EXERCISE: Of all the entries below, retype only the lines from the one with "Asfour Zircon Rounded" through the one with "Floating pool and", exactly as they appear.

[Opening RECORDS TO PROCESS section]

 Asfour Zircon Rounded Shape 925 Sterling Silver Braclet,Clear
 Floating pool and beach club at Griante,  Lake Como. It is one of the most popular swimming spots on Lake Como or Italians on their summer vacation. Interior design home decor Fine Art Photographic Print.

[Closing RECORDS TO PROCESS section]
[Opening RECORDS TO PROCESS section]

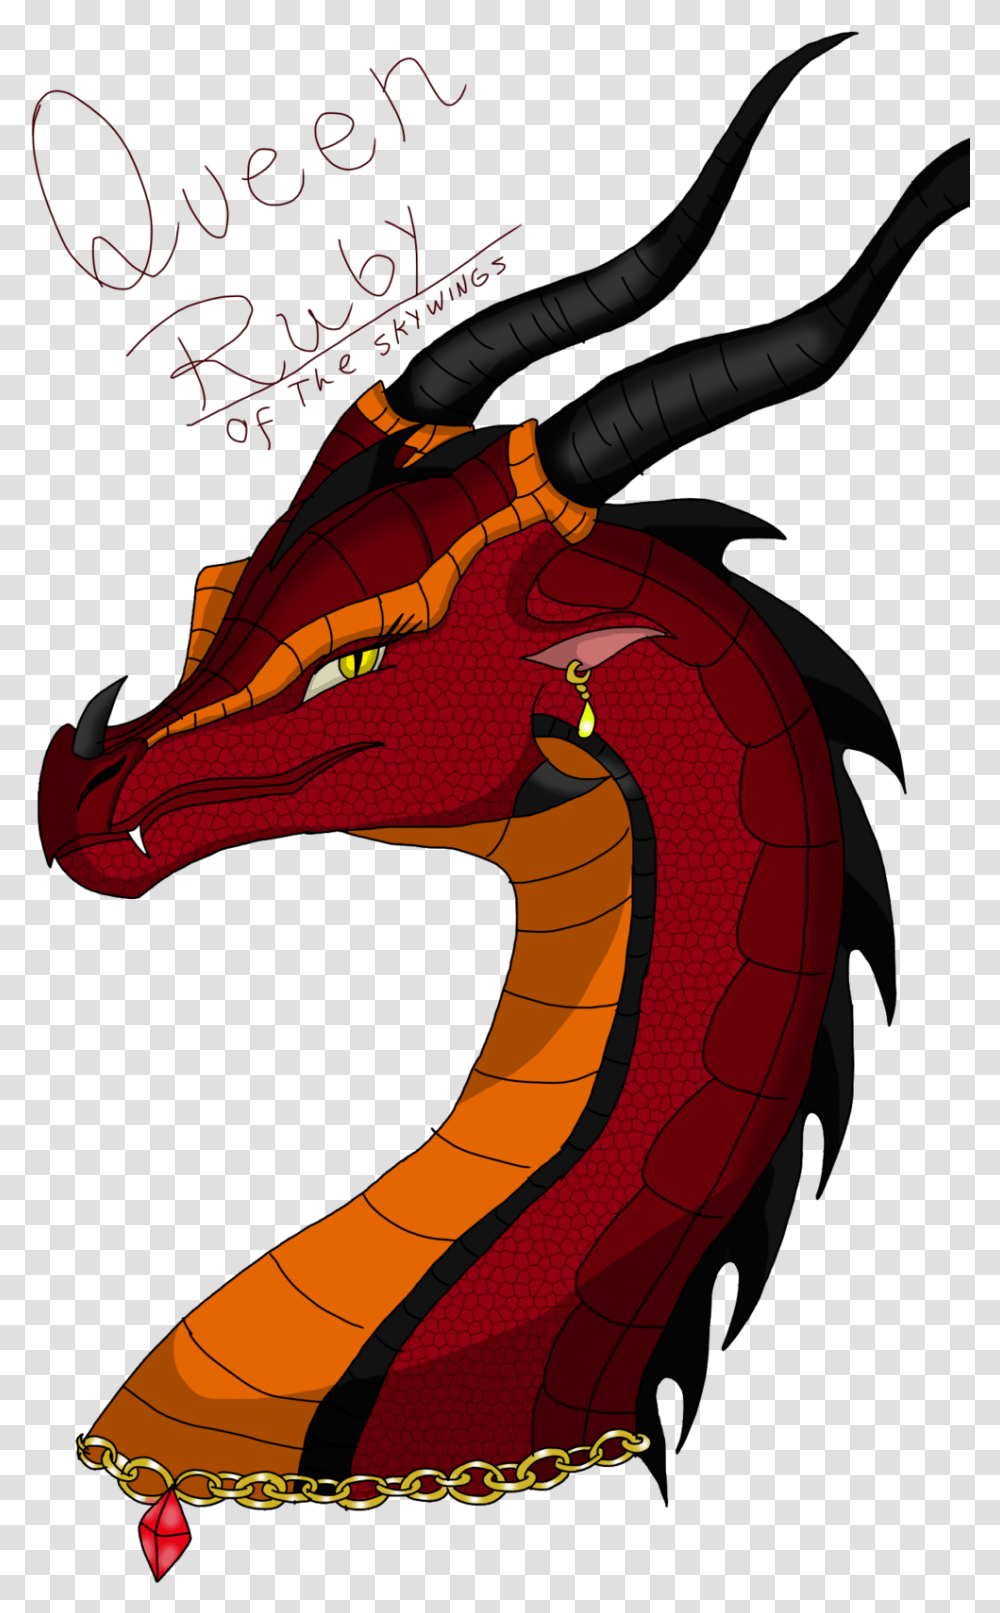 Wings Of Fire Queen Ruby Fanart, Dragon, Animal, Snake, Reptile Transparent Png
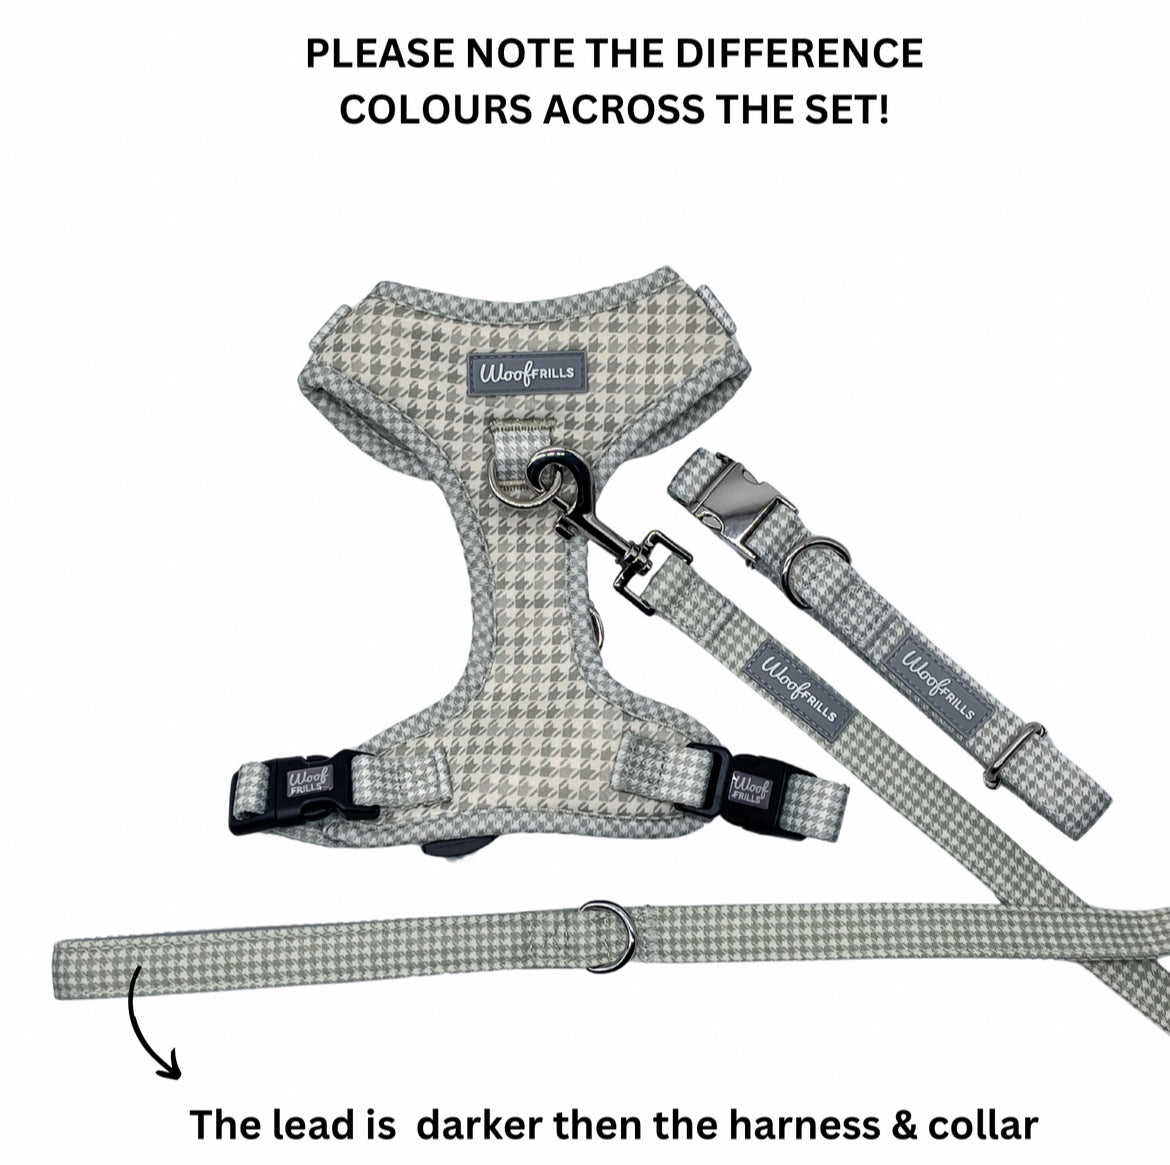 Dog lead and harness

[Closing RECORDS TO PROCESS section]

OUTPUT OF THE EXERCISE:
 Asfour Zircon Rounded Shape 925 Sterling Silver Braclet,Clear
 Floating pool and beach club at Griante,  Lake Como. It is one of the most popular swimming spots on Lake Como or Italians on their summer vacation. Interior design home decor Fine Art Photographic Print.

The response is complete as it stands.